Nonetheless, in the day, when all of the externals of life were dissected into a costs-and-anticipated-time-involved-to-achieve list, there were two things which appeared with punctuality on the list of ways best to survive and even enjoy February. Good chocolate and good books. In those days I didn't mention a washing machine or a variety of brooms all appropriate to the occasion of use: barn brooms, house brooms, cellar brooms. Christmas this year afforded me good chocolate in an astonishment of variety. Justina, having become a pastry chef, now knows how to make chocolates. And what incredible chocolates they are. The rest of the family bought me a most generous supply of bittersweet Lindt bars. And I've rediscovered the Rose and Laurel Bookstore, in Oneonta, where I've been buying some books for a dollar or two on my weekly grain run. Which, I must admit, is an excuse for having lunch at Sweet Indulgence, always a restauratif for the body and soul, in addition to being the finest food in Oneonta. That, too, takes me away, to an Italian kitchen with the textures and flavors of a home-cooked delight.

What I need most today is the self-discipline to wax the kitchen floor and iron the tablecloths so I won't become guilt ridden upon emerging from a book for an hour or two of running away from home. The haymow floors are swept and in order, no guilt to be found there.

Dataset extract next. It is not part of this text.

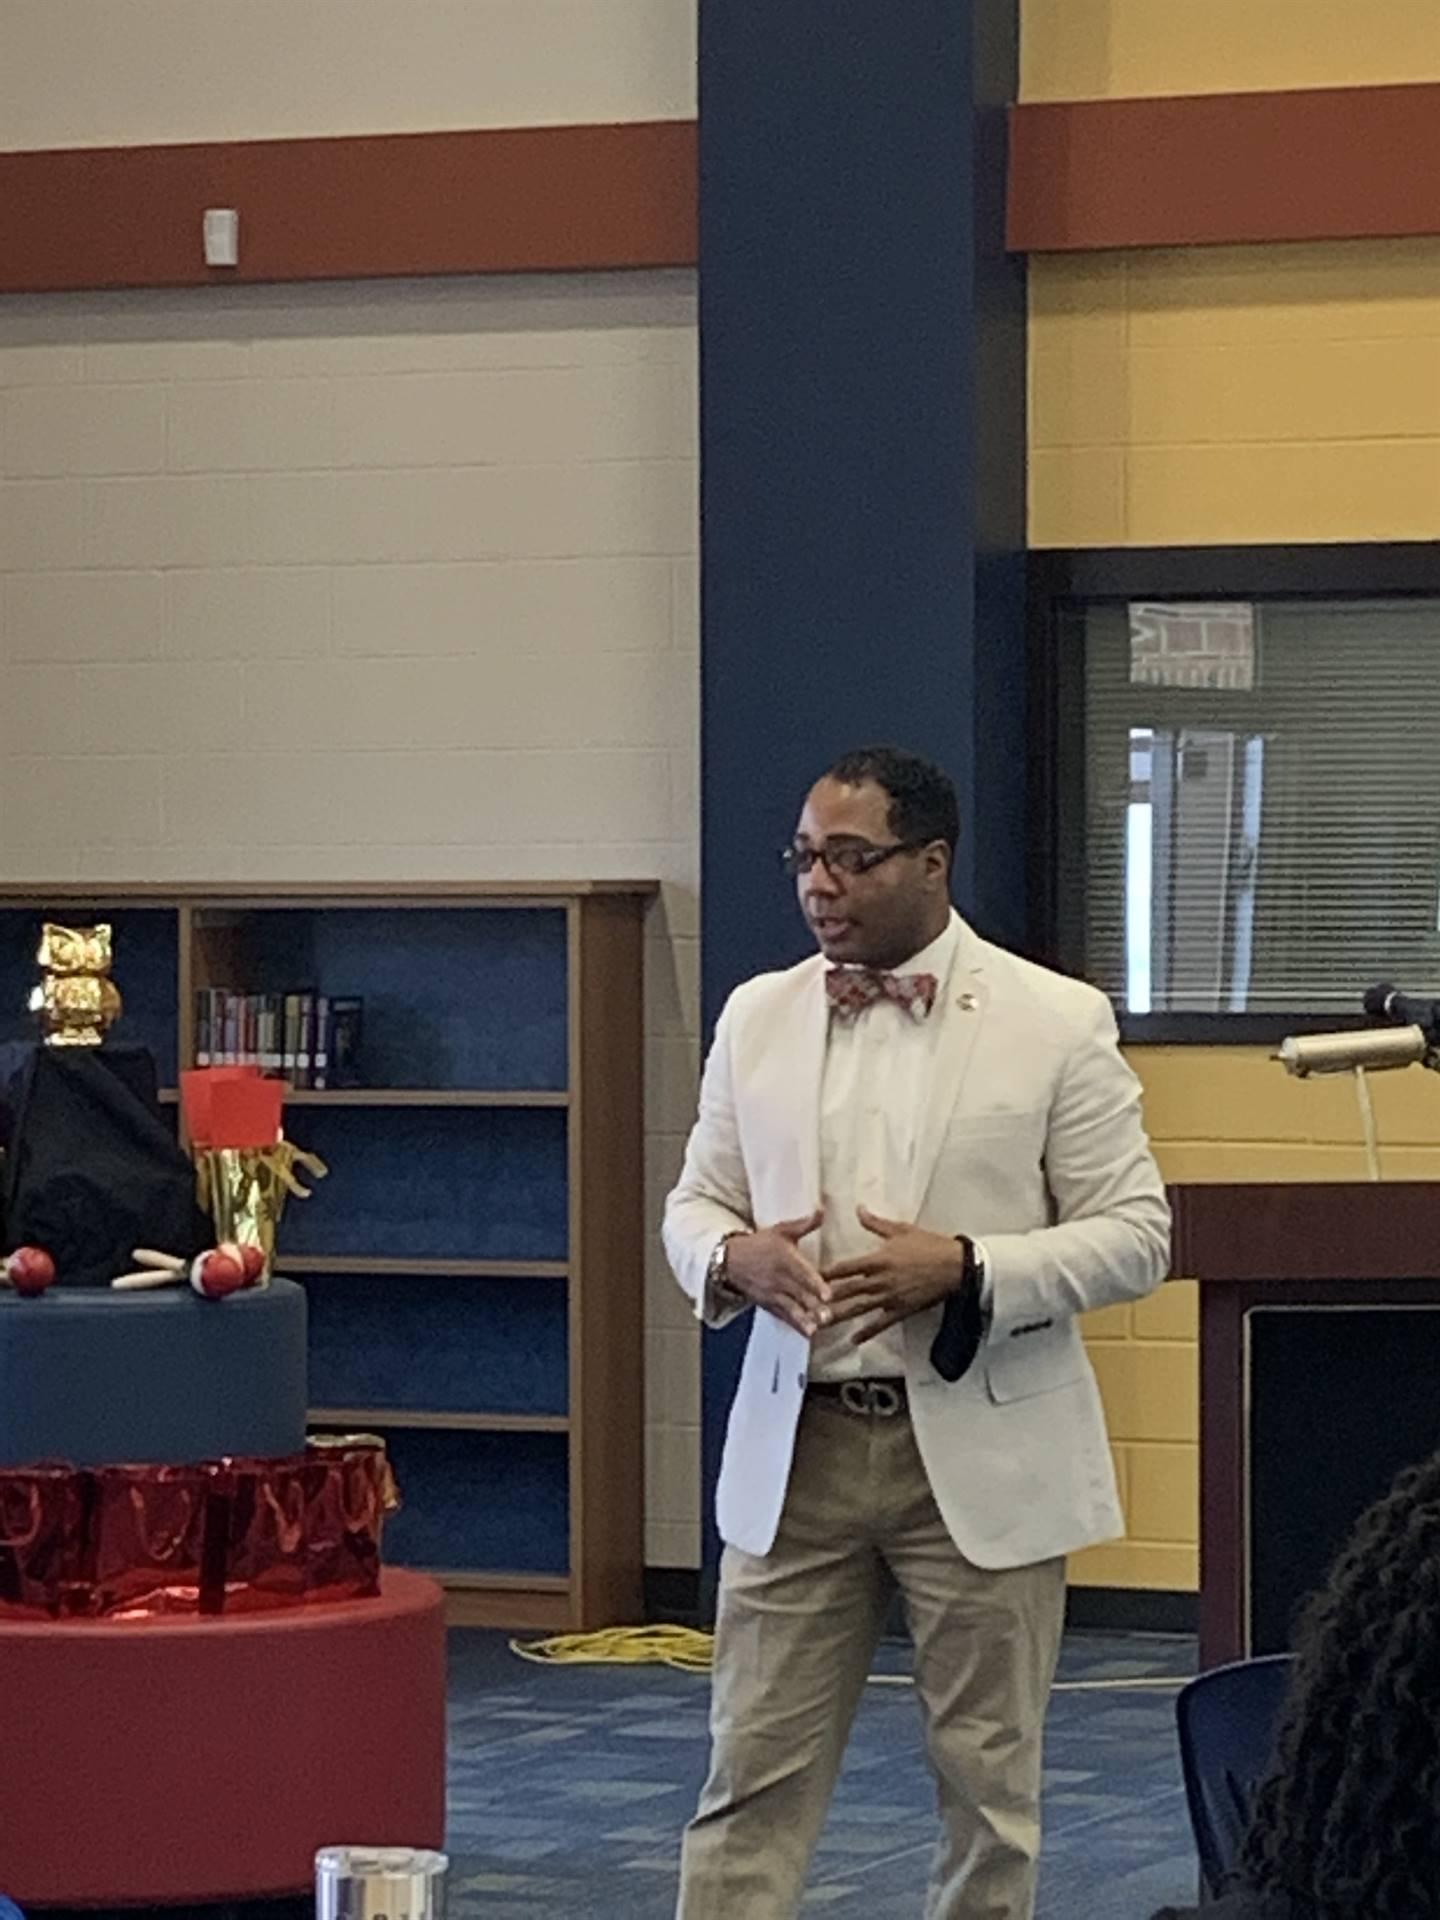 Dr. Berger presenting

Discipline may be afforded by the momentary absence in the house of a book unread or a story to be written. February days, February nights.

THE SILENT RHYTHM OF THE DAYS

M
ISS CLARA
Peggittee, doe goat on this sheep farm, has begun to bag. So why is it such a surprise? February 15th has floated around in my mind as her due date for quite some time. But also, in quite the incorrect time slot, has been the date August 15th, to designate when she was covered. The day I thought the pygmy buck arrived. She went into heat immediately upon seeing him. He covered her a few minutes later. She is not “showing” any signs of having a kid in the near offing. And that is in itself scary. I'm not sure if it is simply because she is carrying a pygmy type goat like the buck rather than a too small LaMancha like herself.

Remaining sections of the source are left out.